*Problem statement:*
The whole listing, exactly as given: write it out, leaving out each image.
[Information supplied Boundary: Start]
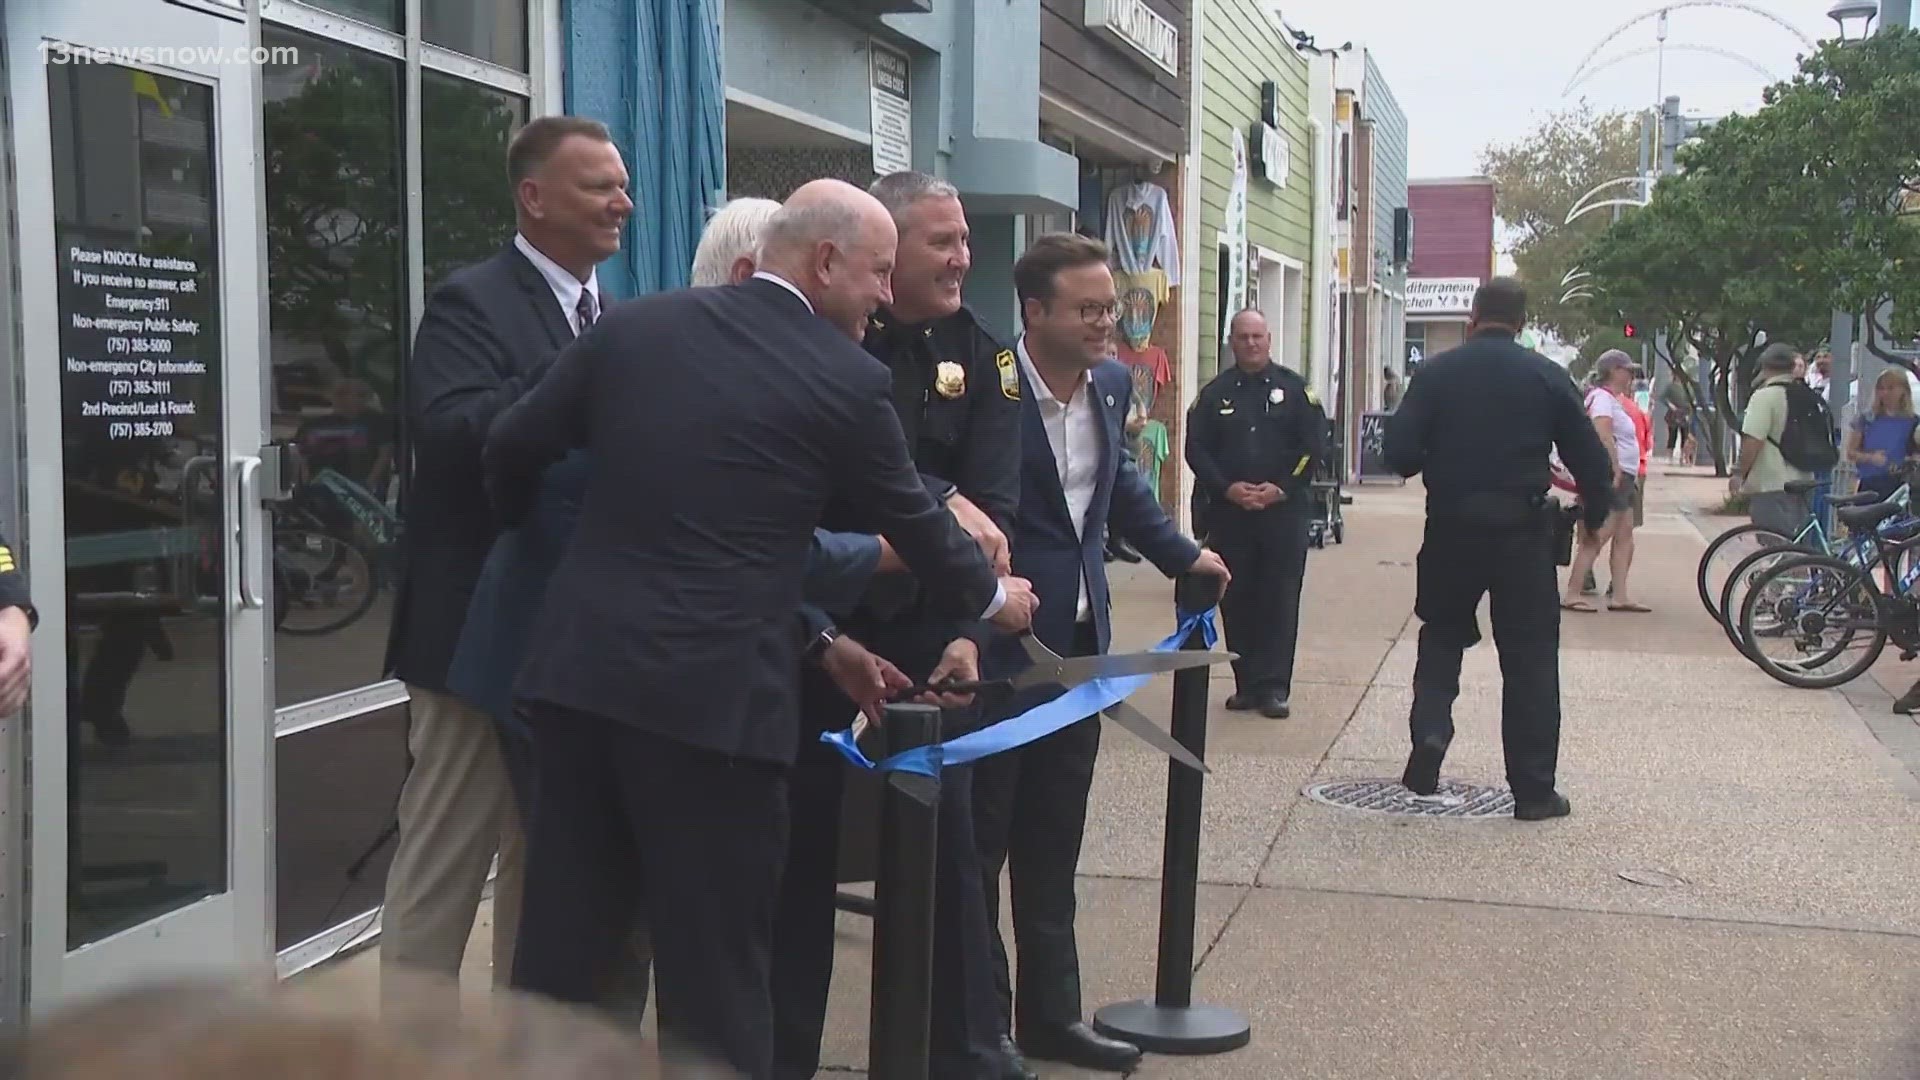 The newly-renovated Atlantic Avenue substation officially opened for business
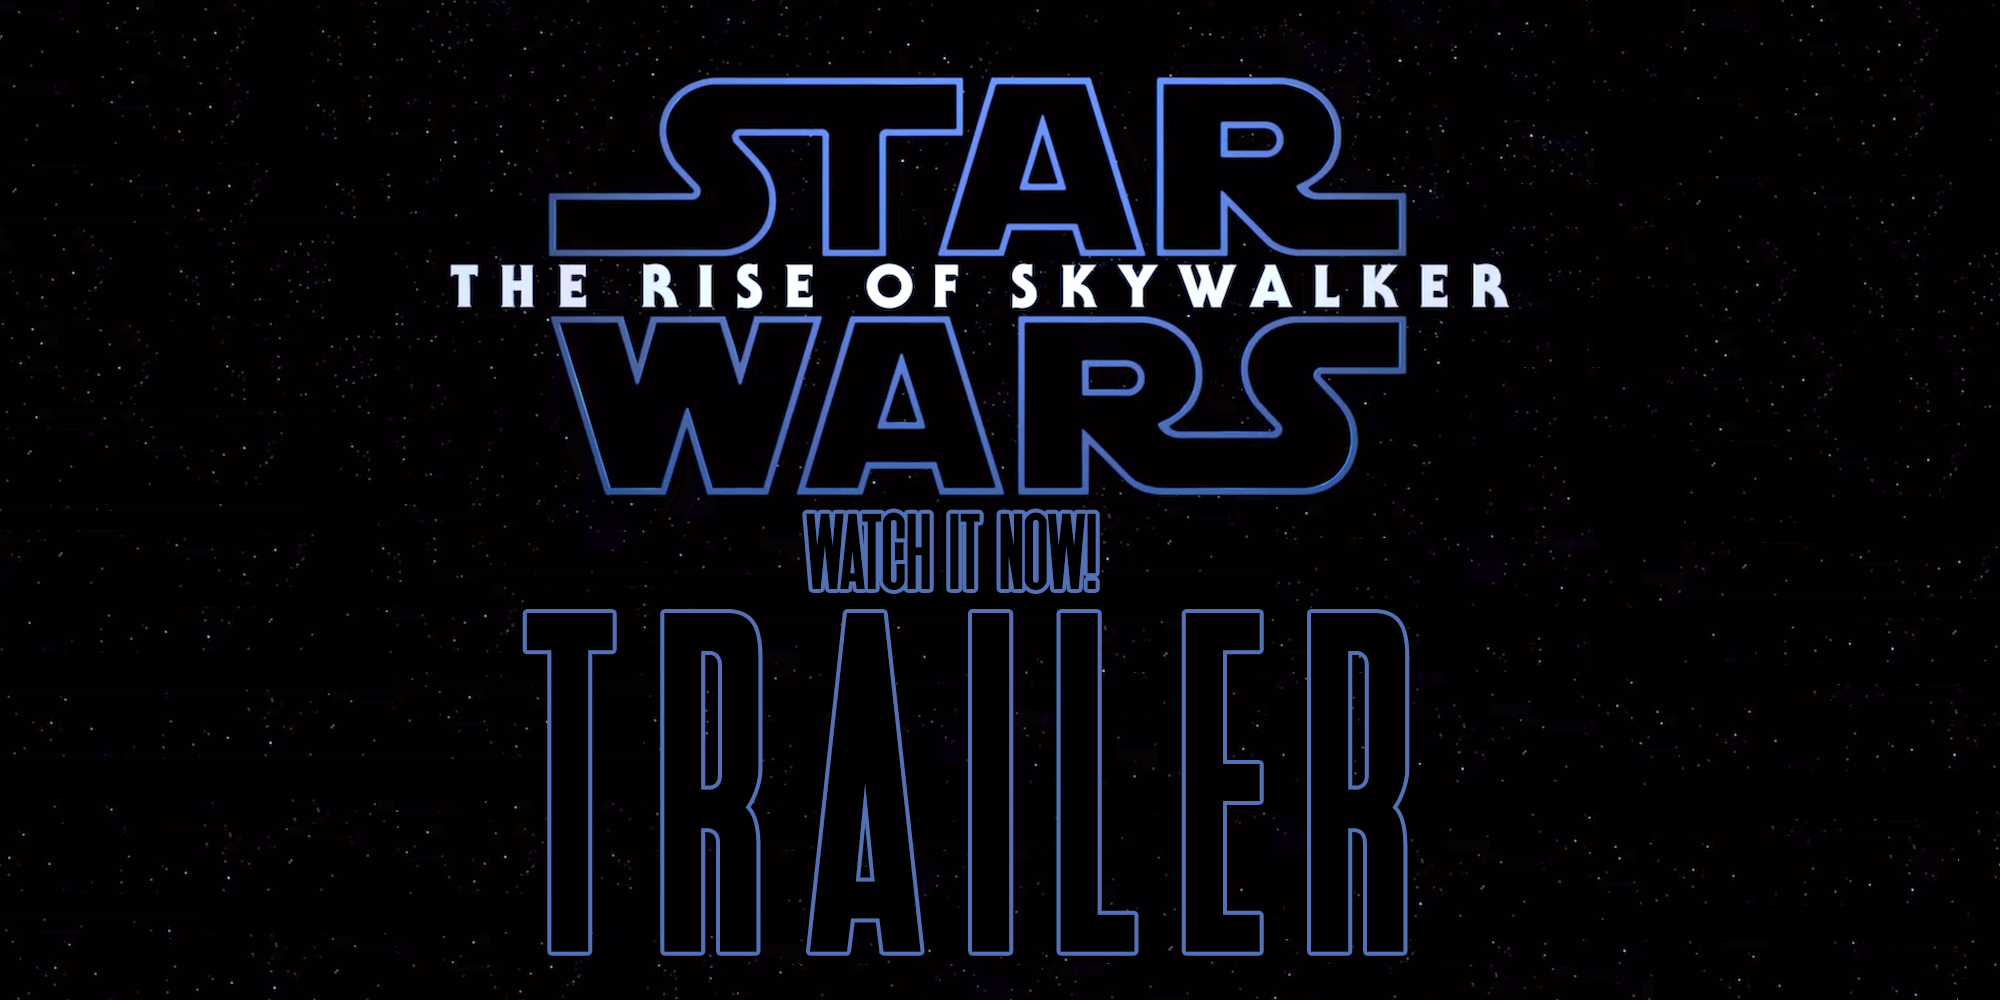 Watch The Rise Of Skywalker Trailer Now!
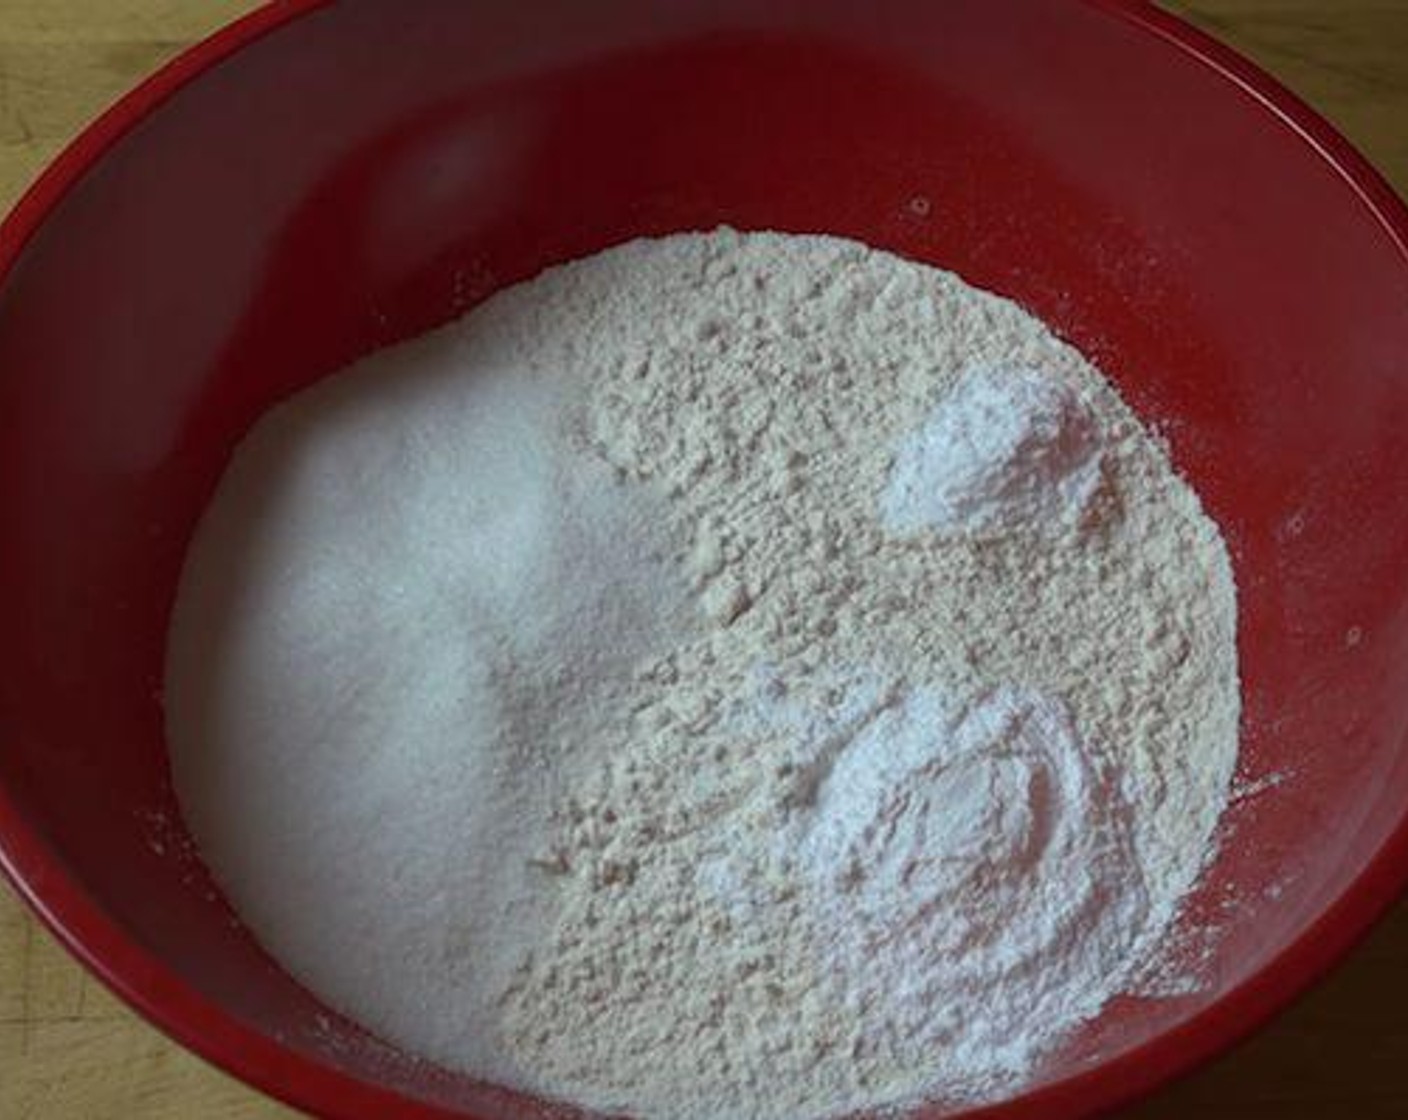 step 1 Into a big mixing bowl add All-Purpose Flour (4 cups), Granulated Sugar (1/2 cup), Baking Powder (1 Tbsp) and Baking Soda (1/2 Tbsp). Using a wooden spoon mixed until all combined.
[Information supplied Boundary: End]
*Answer section:*
 The newly-renovated Atlantic Avenue substation officially opened for business
 Watch The Rise Of Skywalker Trailer Now!
 step 1 Into a big mixing bowl add All-Purpose Flour (4 cups), Granulated Sugar (1/2 cup), Baking Powder (1 Tbsp) and Baking Soda (1/2 Tbsp). Using a wooden spoon mixed until all combined.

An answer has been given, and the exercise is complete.